3.4 Estimating Bacterial and Viral Contaminants

DecontaMiner64 was used to estimate the possible bacterial and viral contaminants in a representative subset of bulk samples of this project. Briefly, the unmapped reads i.e., those that failed to map to the reference genome were collected in a separate directory and mapped to bacterial and viral reads using the genome databases (NCBI nt) using MegaBLAST algorithm, specifying the number of allowed mismatches/gaps and the alignment length. The BLAST databases have been curated by downloading the sequences of the complete genomes from the RefSeq repository. These .fasta files were assembled into blast databases by running the makeblastdb command. Files containing discarded reads along the pipeline are also generated — the low quality ones, ones mapped to mtRNA/rRNA and ambiguous and unaligned reads. The second part of the pipeline, involves setting a match count threshold (MCT) — minimum number of reads successfully mapped to a single organism to consider it a contaminant. This parameter was set at 100 (default is 5). The pipeline once run results in a table containing all the matches satisfying the alignment criteria.

References

47. Newman, A. M. et al. Determining cell type abundance and expression from bulk tissues with digital cytometry. Nature Biotechnology 37, 773–782 (2019).

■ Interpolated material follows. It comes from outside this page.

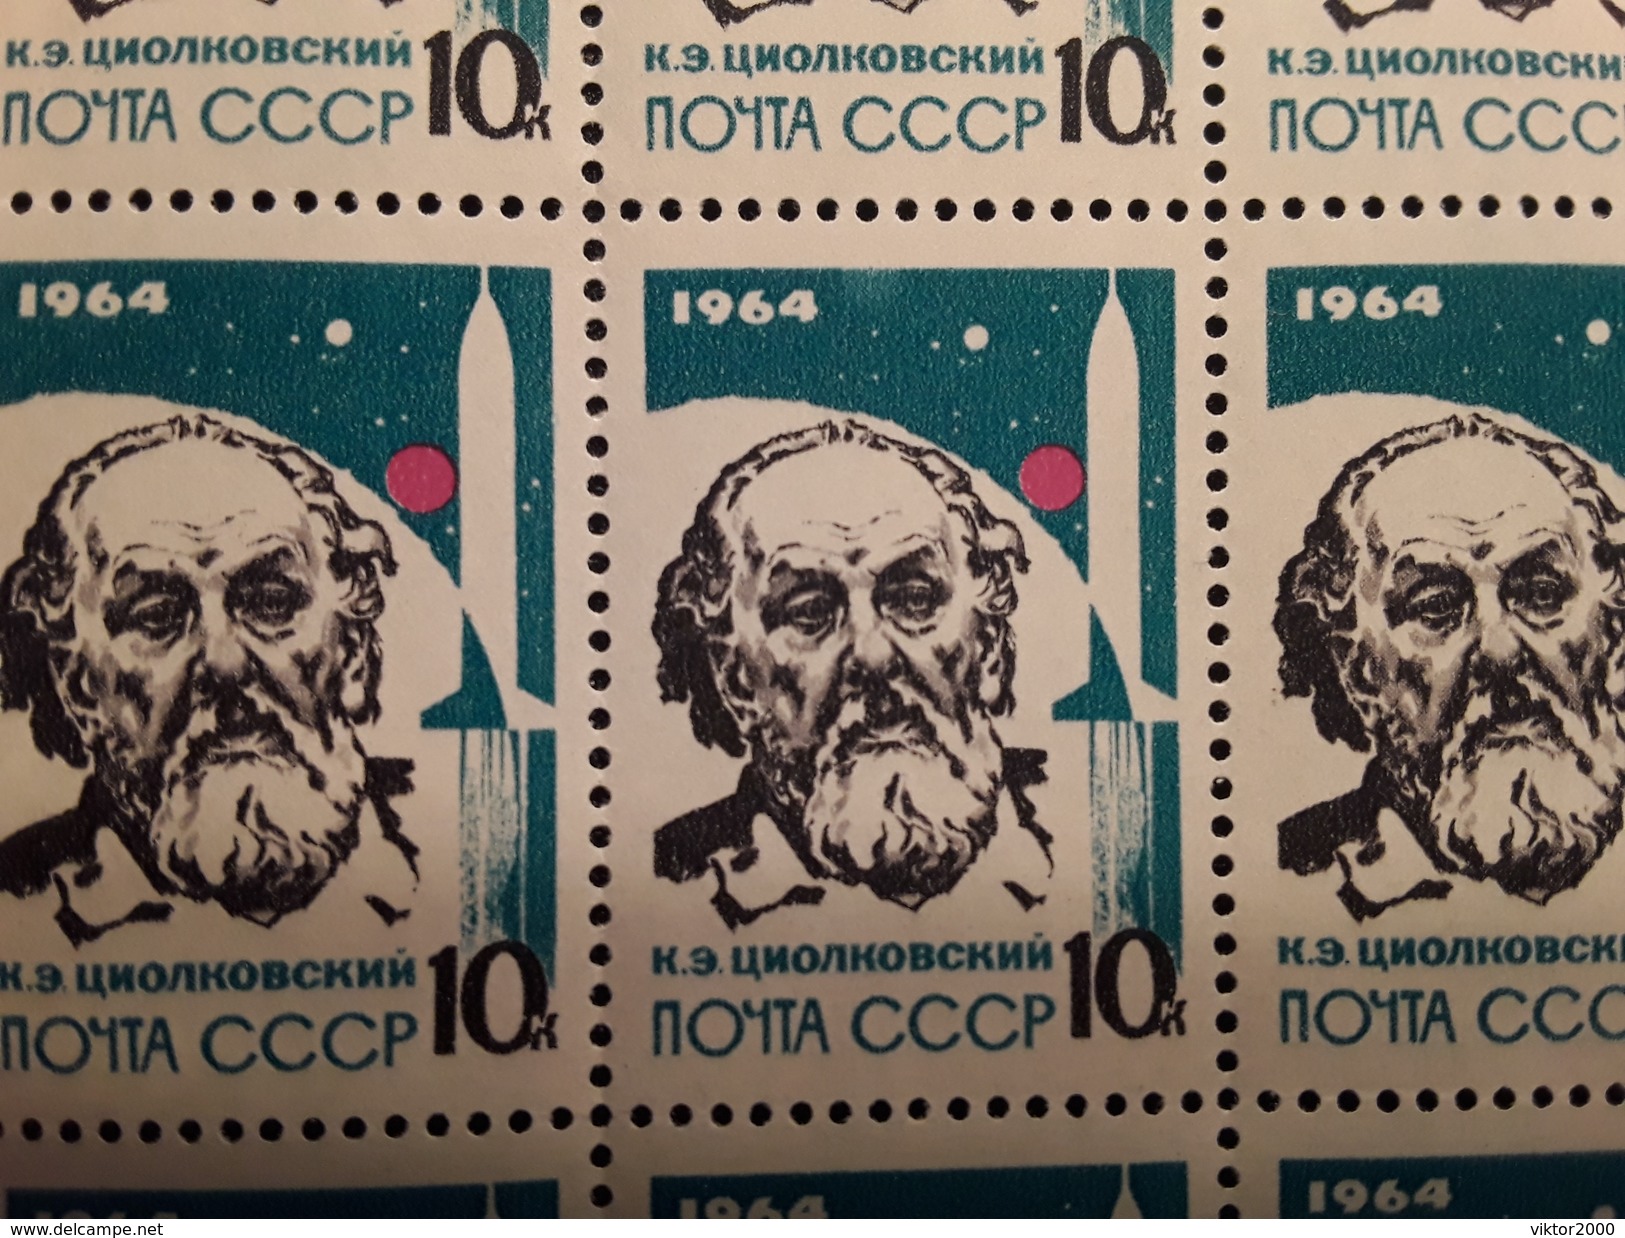 RUSSIA 1964 MNH (**)MICHEL 2900 The Founder Of Rocketry.Tsiolkovsky - Full Sheets
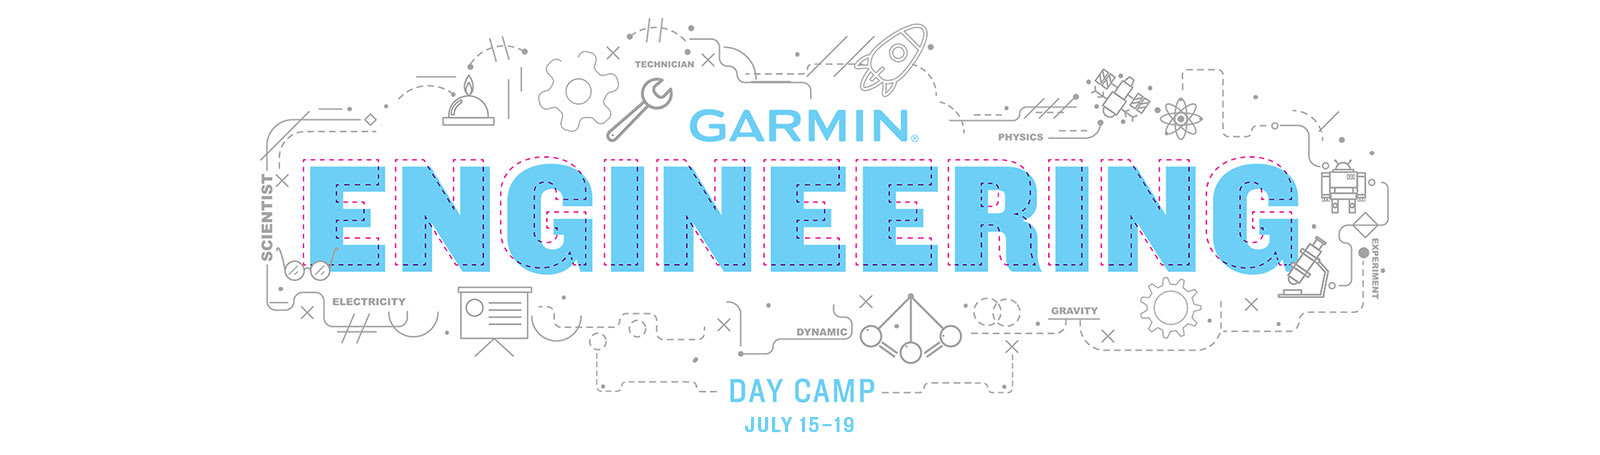 Garmin Engineering Day Camp Collateral - Banner Graphic

58. Friedman, C. E. et al. Single-Cell Transcriptomic Analysis of Cardiac Differentiation from Human PSCs Reveals HOPX-Dependent Cardiomyocyte Maturation. Cell Stem Cell 23, 586–598.e8 (2018).

59. Kuppusamy, K. T. et al. Let-7 family of microRNA is required for maturation and adult-like metabolism in stem cell-derived cardiomyocytes. Proceedings of the National Academy of Sciences of the United States of America 112, E2785–2794 (2015).

63. Yan, L. et al. Epigenomic Landscape of Human Fetal Brain, Heart, and Liver. The Journal of Biological Chemistry 291, 4386–4398 (2016).

64. Sangiovanni, M., Granata, I., Thind, A. S. & Guarracino, M. R. From trash to treasure: Detecting unexpected contamination in unmapped NGS data. BMC Bioinformatics 20, 168 (2019).